Last Wednesday was a hot news day in the media business. Michael Ovitz testified about his corporate backstabbing at Disney. DreamWorks' animation unit went public. And Howard Stern had called into nemesis FCC Chairman Michael Powell's AM radio talk show.

Good material for a show like The Biz, the half-hour show on the media business airing daily on CNNfn.

So who were CNNfn's guests that Wednesday? Jean Smart, a comedic actress on CBS's Center of the Universe, and the Canadian punk-pop group Simple Plan. Exciting.

That makes it easier to understand why CNN is shutting its financial network down. The network is so directionless, so unlikely to attract more viewers it's not worth keeping alive.

That's a harsh assessment, particularly since it comes from inside
parent Time Warner.

It's easy to blame CNNfn's fall on the bursting of the tech stock-bubble. When the market was hot and buzzing with day traders, the absolute latest stock-market news was more urgent to more people. Look at the plunge in CNBC's ratings. According to Nielsen Media, CNBC's average viewership has dropped 51% from the market's height to an average of 148,000 viewers.

But CNNfn's problems lie as much in management as on the NASDAQ. Its executives simply made the network less interesting. CNNfn, a digital channel, decided to stake out the blandest part of the financial-news game, the personal-finance, "news you can use" end. It was a move to counterprogram against the larger CNBC, with 90 million subscribers. CNNfn zigged over to another market segment, the one targeted by Time Warner's Money
magazine.

The problem is, there's not a lot of urgency in the mutual-fund/financial- planning crowd. Those folks don't need as much quick information as stock traders and executives. News networks thrive on urgency.

In the offices of the hungriest consumers of business news—Wall Street and corporate executives—CNBC and CNN are common fixtures on office TV sets. Fox News is becoming more prevalent, not CNNfn.

There are ways to produce compelling financial news other than the daily-stats horse race. CNN's own Lou Dobbs is pretty much at the top of his game editorially, partly because he has found a groove. Right now, he's crusading against outsourcing. And Fox News' Neil Cavuto is drawing around 1 million viewers on his 4 p.m. ET show—nine times CNBC's best news show.
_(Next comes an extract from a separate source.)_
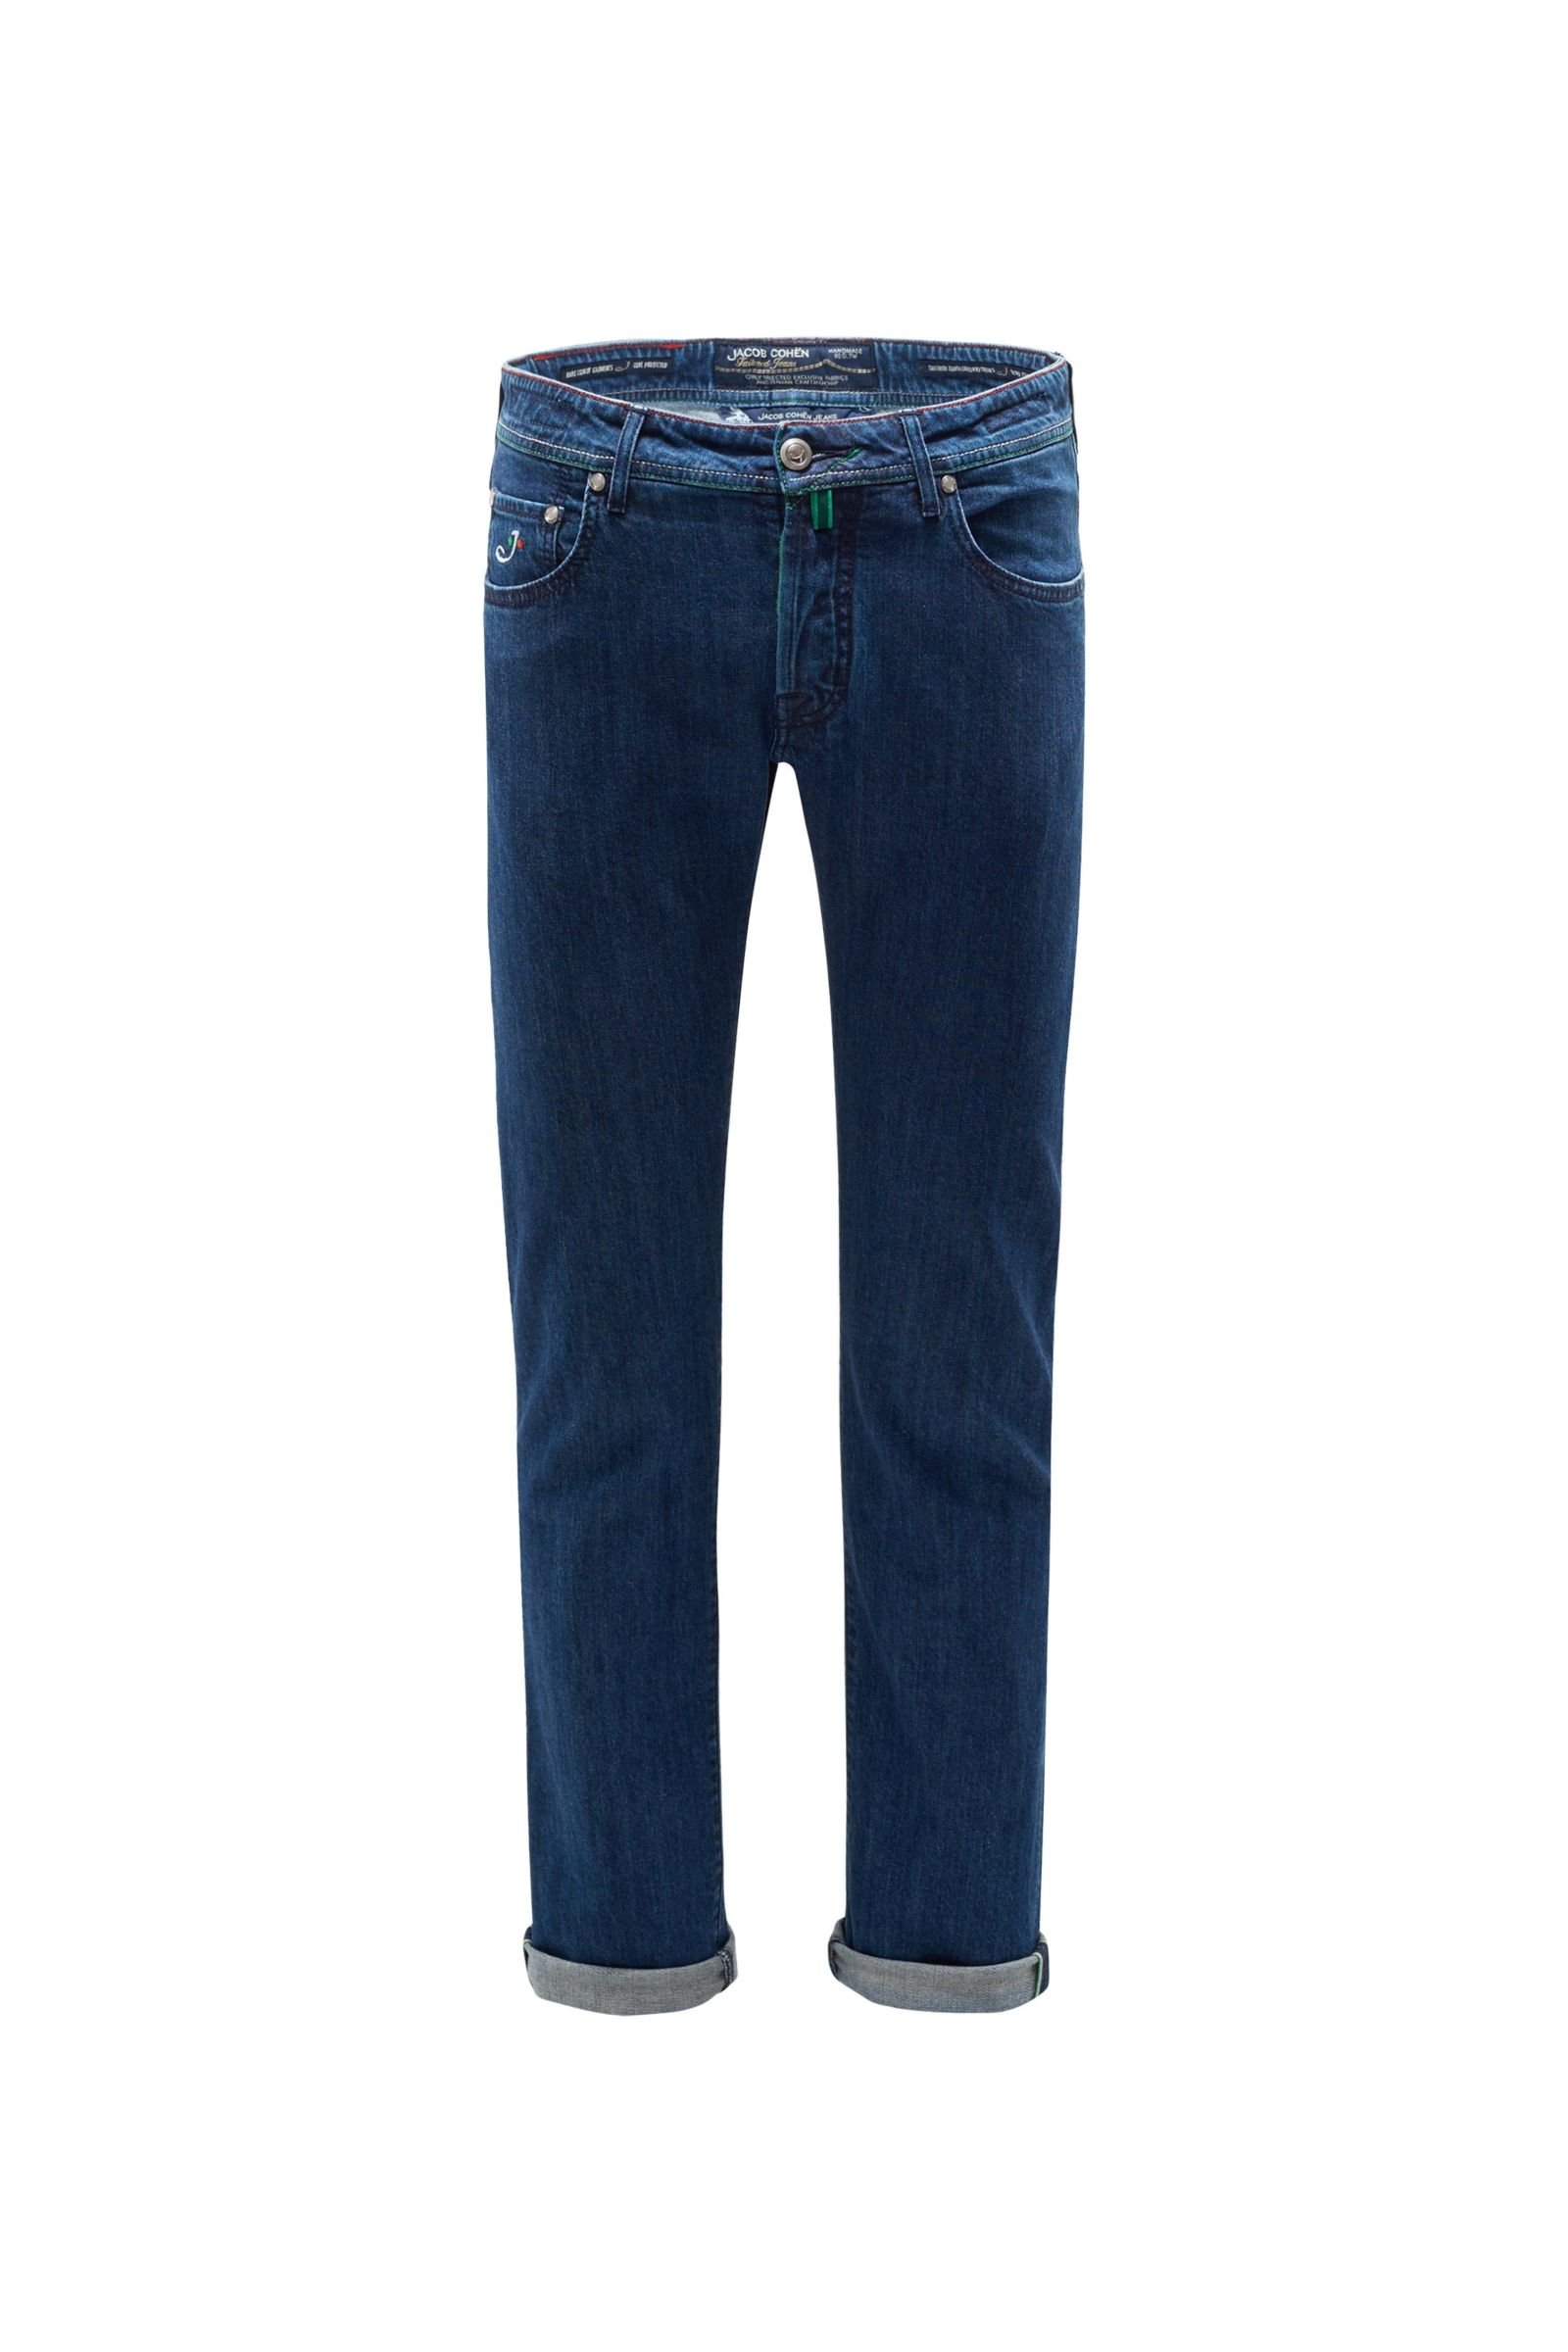 Jeans 'J688 Limited Comfort Slim Fit' dark blue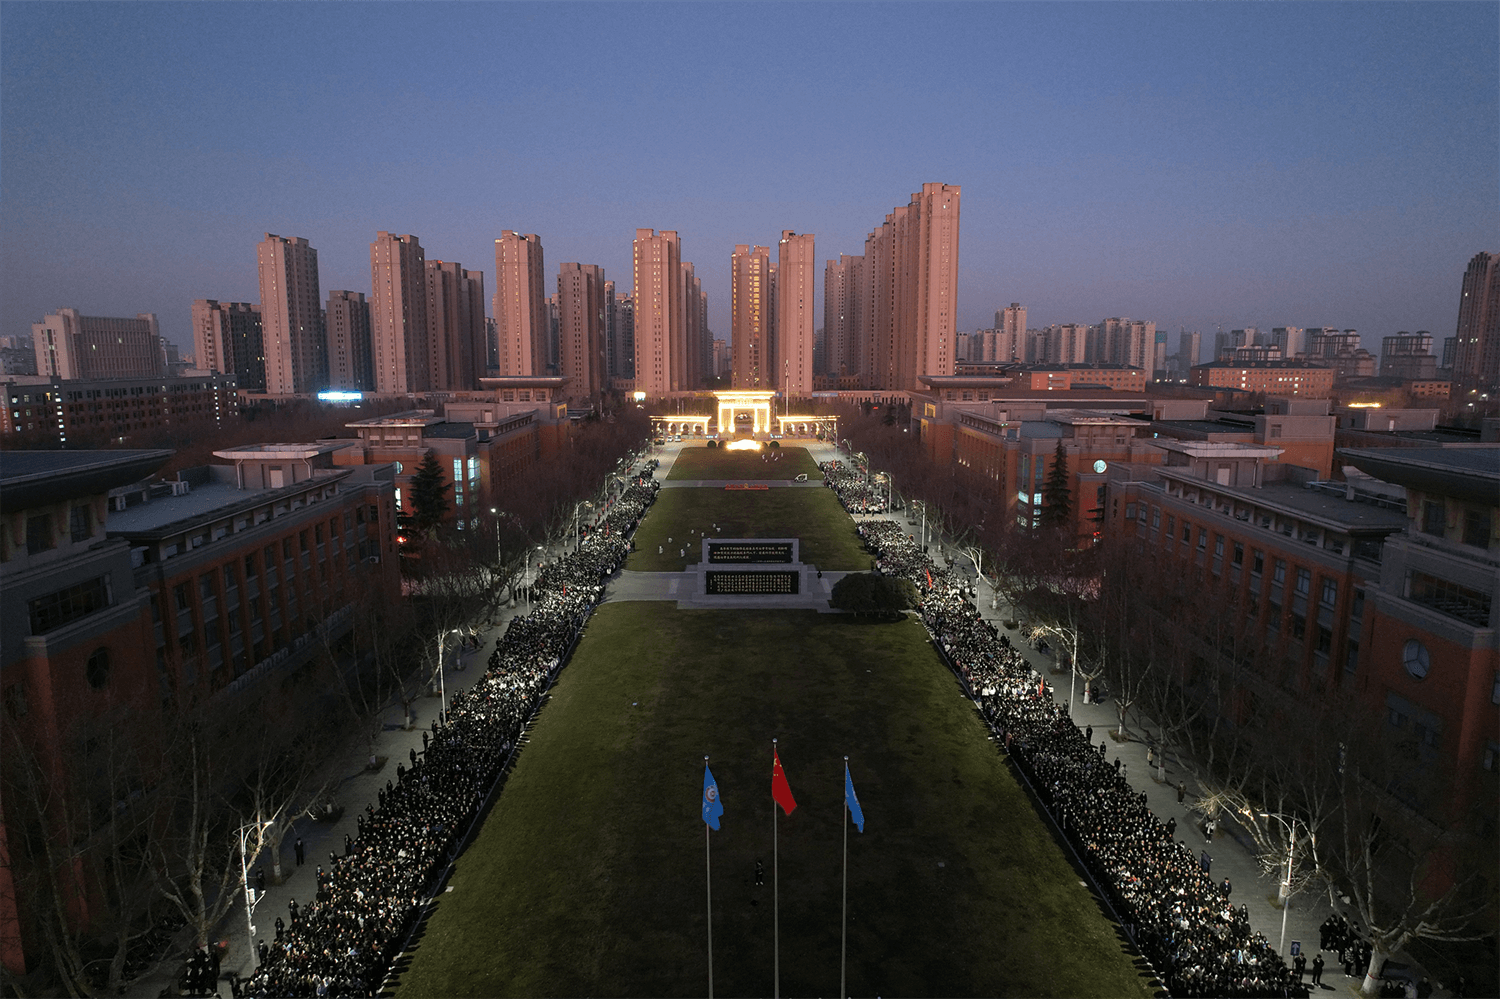 郑州商学院全景图图片

Of course, CNBC's Nielsen ratings understate much of its viewership. As with TV sports, tons of CNBC's viewing occurs "out of home," in offices littered with Blackberries and Bloomberg machines—every piece of technology known to man except a Nielsen meter.

Still, CNBC's well-heeled sliver of the Nielsens wows advertisers enough to generate an estimated $320 million in operating cash flow this year.

CNN Group President Jim Walton contends that CNNfn is actually making money, turning a profit for the first time in its nine-year life. So why close now? There's just too little upside. CNN's top executives felt that making CNNfn worth the effort would require boosting its daytime ratings to an average of 300,000-400,000 viewers. With market leader CNBC averaging half that, how could CNNfn ever hope to get there?

It's virtually unheard of these days for a company to shutter a network, especially one with 30 million subscribers and
generates an average license fee of 12¢ per subscriber monthly. Nevertheless, CNN has now done it twice. In May 2000, the company pulled the plug on its sports news network, CNN/SI, aimed at exploiting supposed synergies between CNN and magazine Sports Illustrated.

Walton says Time Warner will try to convince operators to put other Turner Broadcasting product, such as CNN International, into those slots. Good luck.

It's one thing to talk about the declining audience for financial-news networks, but that ignores the magic of cable economics. Despite its ratings collapse, CNBC will probably bring in $320 million in operating cash flow this year, says Kagan Research. That's more than CBS will generate with 20-40 times that viewership. Why? CNBC gets about half of its $523 million in revenue from license fees in cable and DBS systems.

CNNfn was never big enough to make that magic elixir work. Now Fox News is openly talking about launching its own business-news network. There will be red faces at CNN if it's a hit.